What does the face of power look like? Who gets commemorated in art and why? And how do we react to statues of politicians we deplore? In this book—against a background of today’s “sculpture wars”—Mary Beard tells the story of how for more than two millennia portraits of the rich, powerful, and famous in the western world have been shaped by the image of Roman emperors, especially the “Twelve Caesars,” from the ruthless Julius Caesar to the fly-torturing Domitian. Twelve Caesars asks why these murderous autocrats have loomed so large in art from antiquity and the Renaissance to today, when hapless leaders are still caricatured as Neros fiddling while Rome burns.

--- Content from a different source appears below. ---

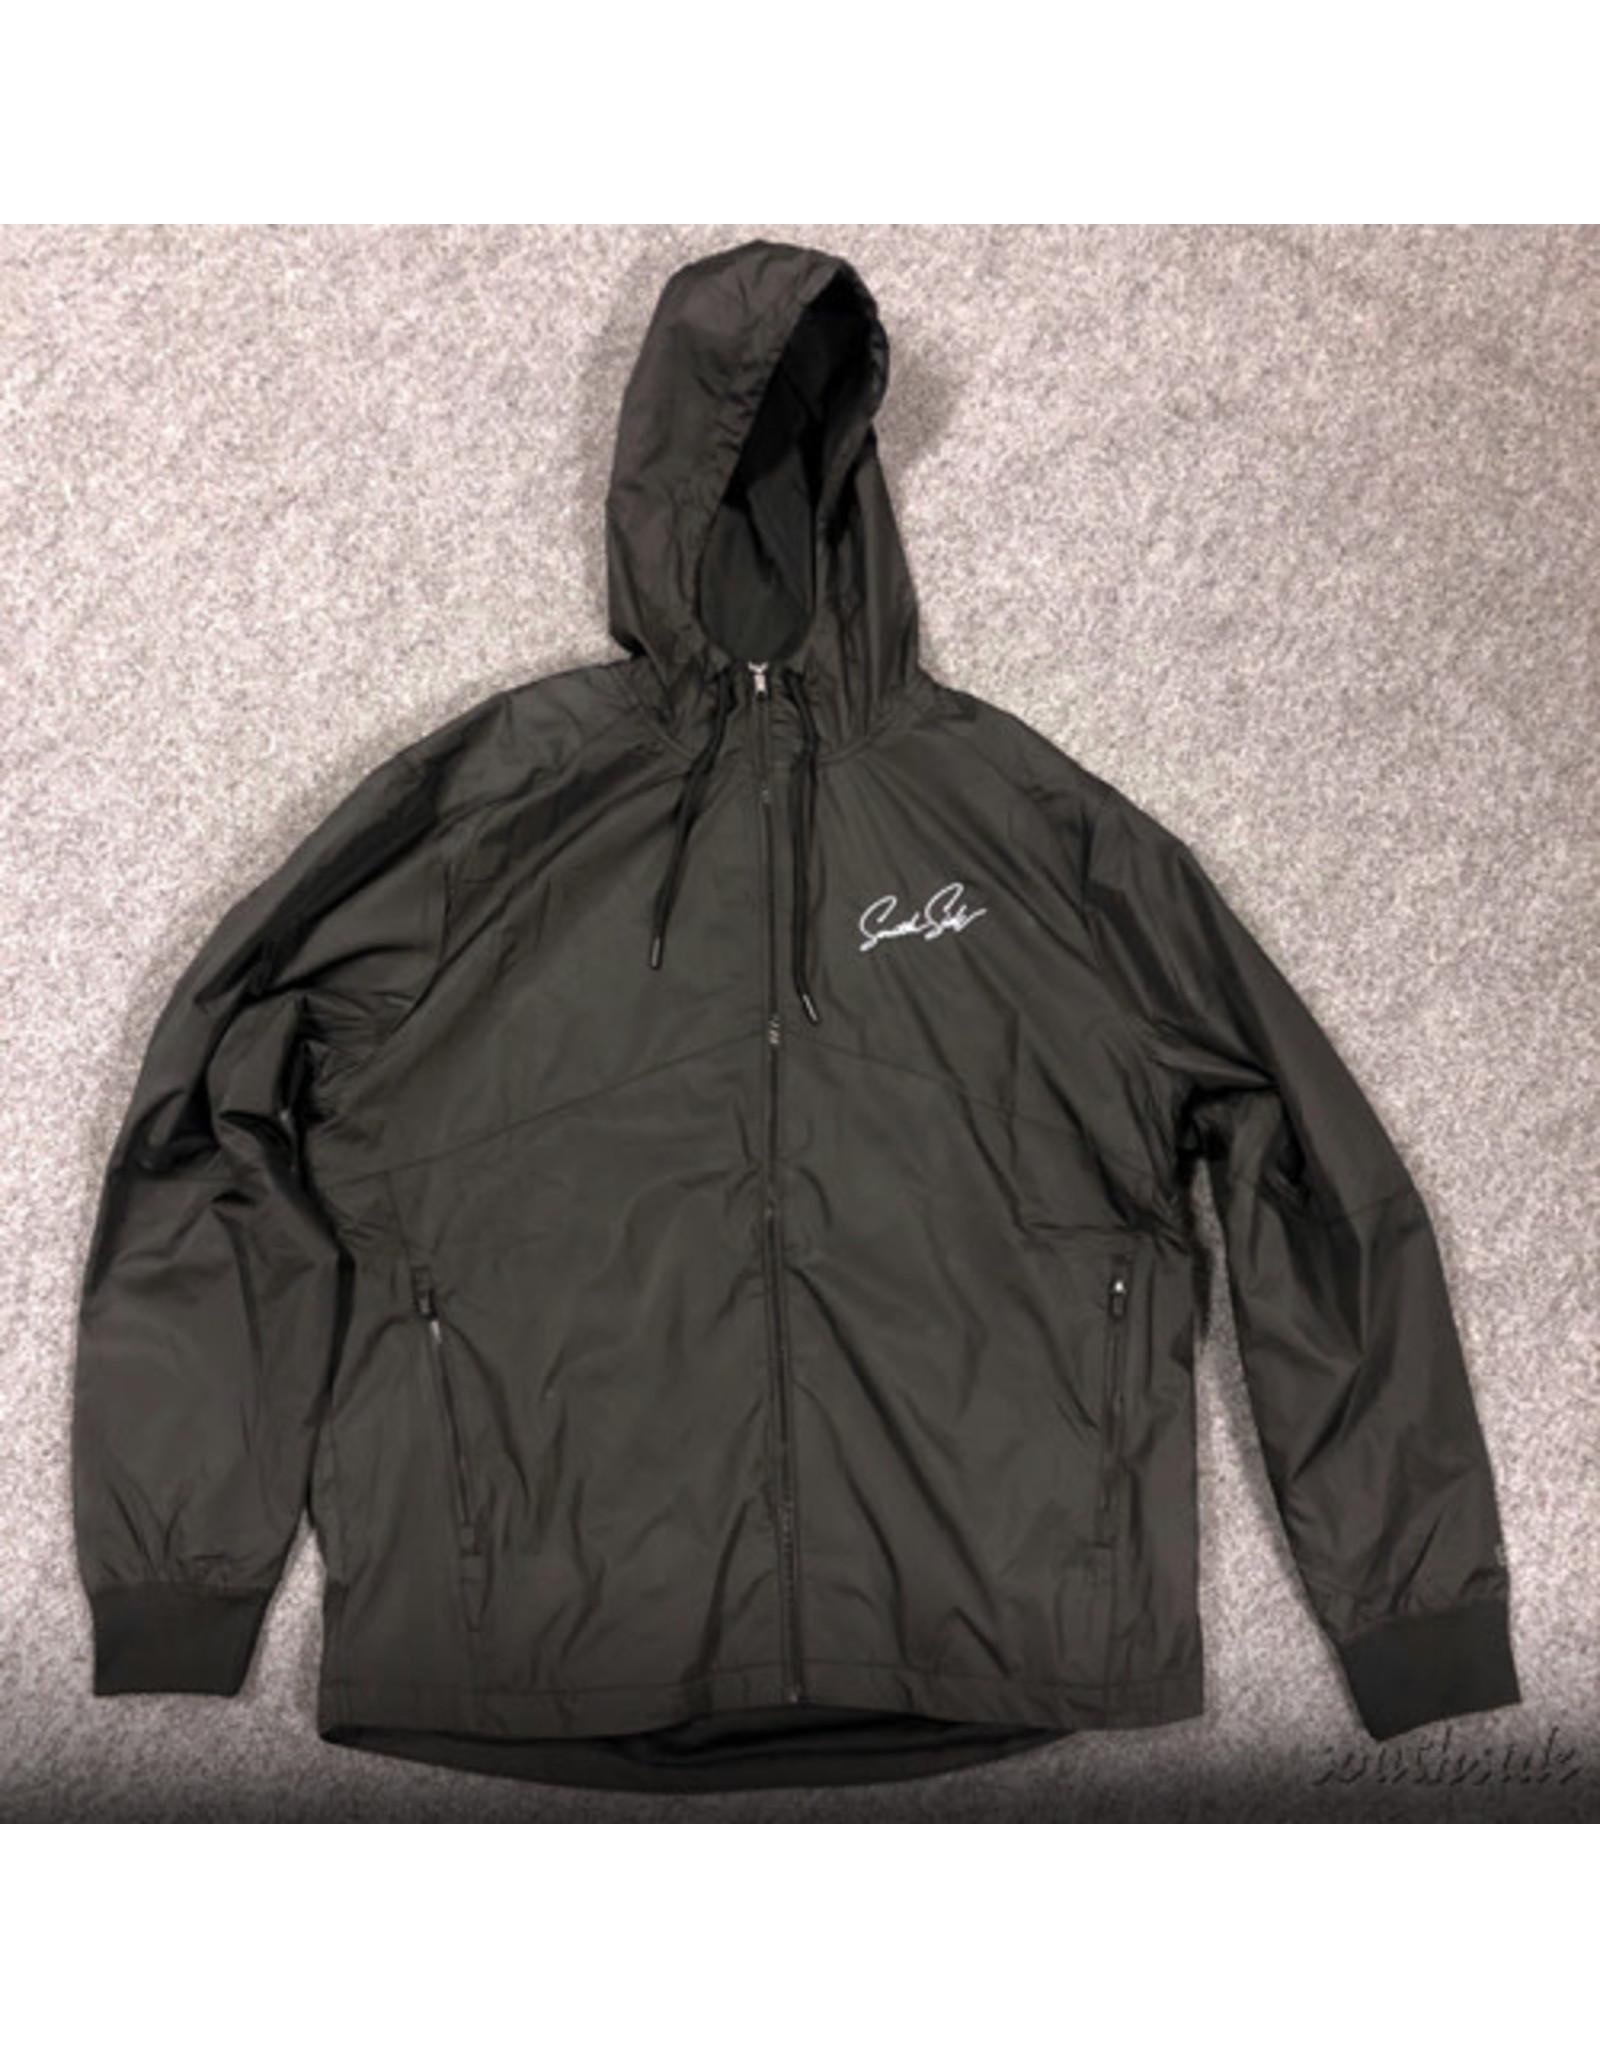 Southside Southside Script Jacket Embroidered Black

Beginning with the importance of imperial portraits in Roman politics, this richly illustrated book offers a tour through 2,000 years of art and cultural history, presenting a fresh look at works by artists from Memling and Mantegna to the nineteenth-century American sculptor Edmonia Lewis, as well as by generations of weavers, cabinetmakers, silversmiths, printers, and ceramicists. Rather than a story of a simple repetition of stable, blandly conservative images of imperial men and women, Twelve Caesars is an unexpected tale of changing identities, clueless or deliberate misidentifications, fakes, and often ambivalent representations of authority.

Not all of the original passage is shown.